I'm a big Seanan McGuire/Mira Grant fan but, for better or for worse, have always relegated her stuff into the fluffy/beach book/junk food reading bucket in my brain, and have rarely recommended her books to others unless I knew they had the exact same tastes and specific interests as me (the one exception is the Newsflesh series, but even then I have to awkwardly explain, no really, it's better than the ridiculous plot description makes it sound!).

This is somehow an entire dimension apart from the rest of her writing. Many of the same themes are there, you know it's a Seanan McGuire book if you've ever read anything she's written, but the writing and storytelling is stunningly adept on an entirely different level. I've given this book as a gift to three of my pickiest-about-literature relatives--people I'd never have given her urban fantasy or science horror books to--since it came out and they've all loved it, as have all the coworkers of varied tastes and backgrounds I've recommended it to.

It's intense, and it needs content warnings for a particularly rough suicide attempt scene. But it's also magical and beautiful and just about perfect.

This is all the more impressive given the fact that about 3/4 of the way into the book, it becomes clear that the title of the book and the names of the characters are an obscure pun based on an old horror novel most people have forgotten, and you can't help but wonder if the entire book wasn't written solely to make the pun.
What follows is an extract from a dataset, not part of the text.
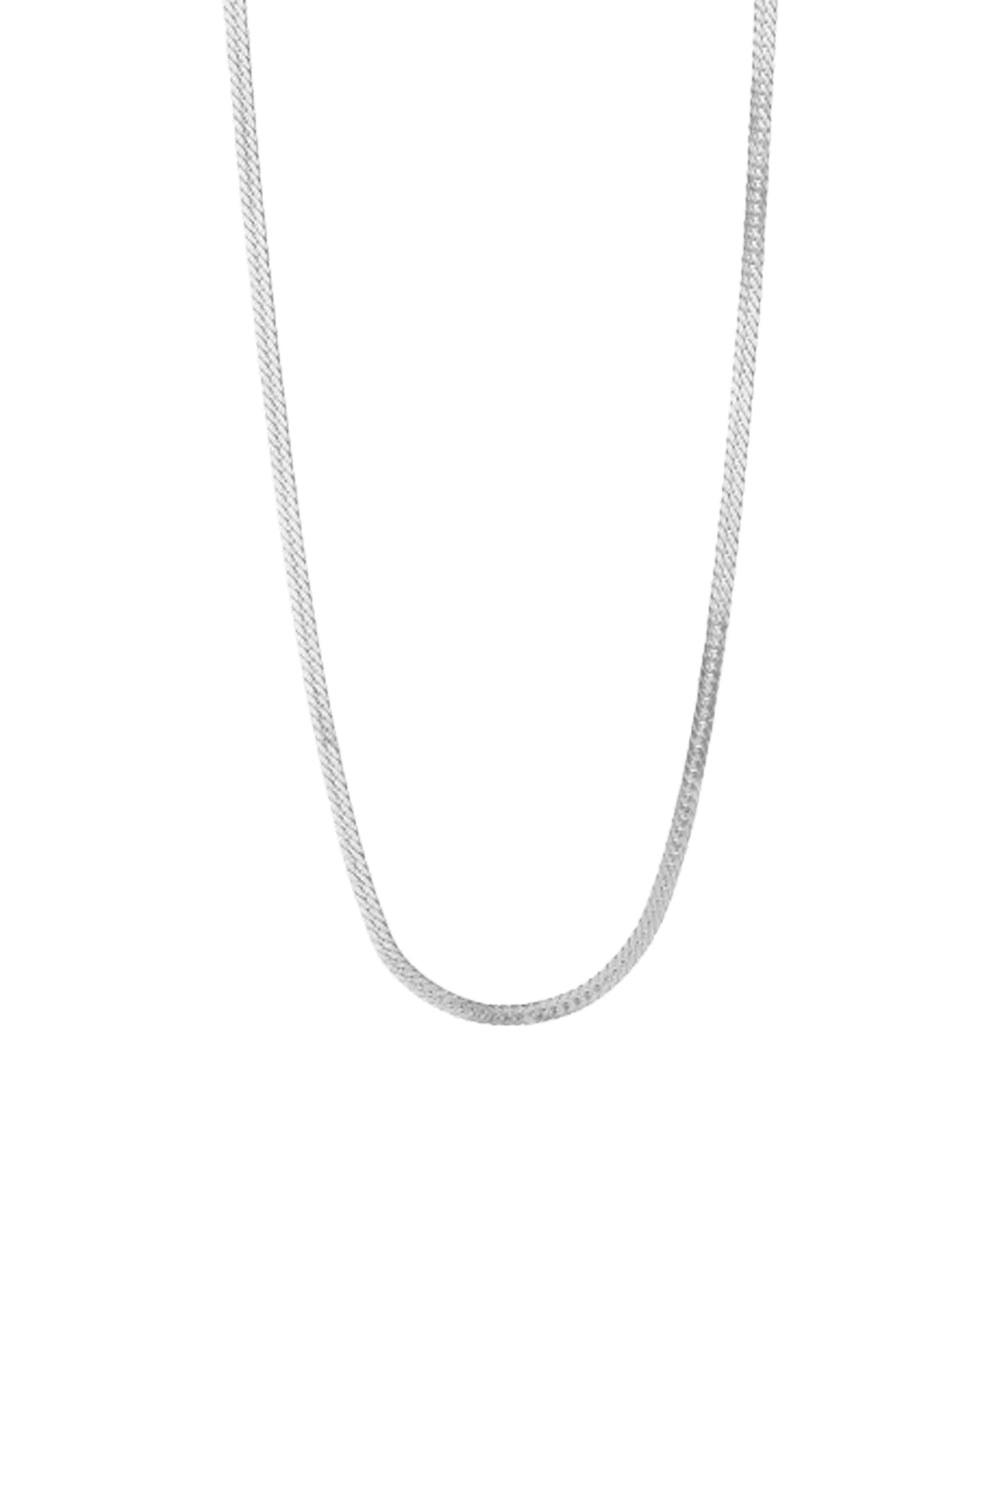 Short Snake Necklace - Silver - Stine A

(You don't need to get the pun to get the book, and even though the book deals heavily with the power of language, it's otherwise not at all punny. But it's a hell of a thing to be deeply engaged in an intense, emotional story and then hit the "ARE YOU KIDDING ME?!" moment of pun realization.)
posted by rhiannonstone at 3:35 PM on July 6, 2020 [2 favorites]


Stuff I like:

1. The story unfolds very nicely, with small hints being built on so that they land with greater impact.

2. The world building is interesting and compelling. It feels a bit like she's trying to do John Crowley for a more mass audience. That is not a snub; Crowley is great, but he's also really demanding, and that is not always what people want.

3. The audiobook is generally well read.

4. I like the way the "Wizard of Oz" segments interface with the actual story. People try this a lot, but McGuire actually pulls it off.

5. It's a pretty long book that does not actually feel all that long while you're reading it. Sort of like the Night Circus, and not at all like the Starless Sea.

6. I liked that the central relationship was love, but not romantic or familial love.

7. The "big bad" has more depth than I expected.

Stuff I didn't like:

1. I feel like Rodger gets more attention than Dodger. I know it's partly design and their characters, but Dodger never gets to develop (or we are never shown) a life apart from Rodger, but we see his life apart from her.

2. A couple of the villains are too villainous for a book that is generally more nuanced.

3. The ending section felt just a little rushed. Like McGuire was "this could go on forever; I am not having that. 1, 2, 3... done!" It's not terrible, but the rest of the book is almost luxuriously leisurely in telling the story; would another 50 pages have been too much?

4. There is a lot made of Roger's Boston accent, and I have a little trouble imagining what accent a kid raised in Cambridge with academic parents would have. Not the stereotypical "Southie" accent. At any rate, the audio book reader cannot get Roger's accent further east than Brooklyn. This may be a small thing, but it kind of grated.

I really enjoyed it. I've liked a bunch of Mira Grant box, but I generally can't get into stories built around fairies, so it was fun seeing her do her thing in a setting that I actually enjoyed. (Full disclosure, I am mostly bored by zombies, too, but NewsFlesh kept me reading; maybe because I trust the person who recommended them.)
posted by GenjiandProust at 11:07 AM on July 10, 2020 [2 favorites]


Two of my favorite tropes are people who have godlike power, and time travel and this manages to have both.

I enjoyed it. Curious about the obscure horror novel and book title pun.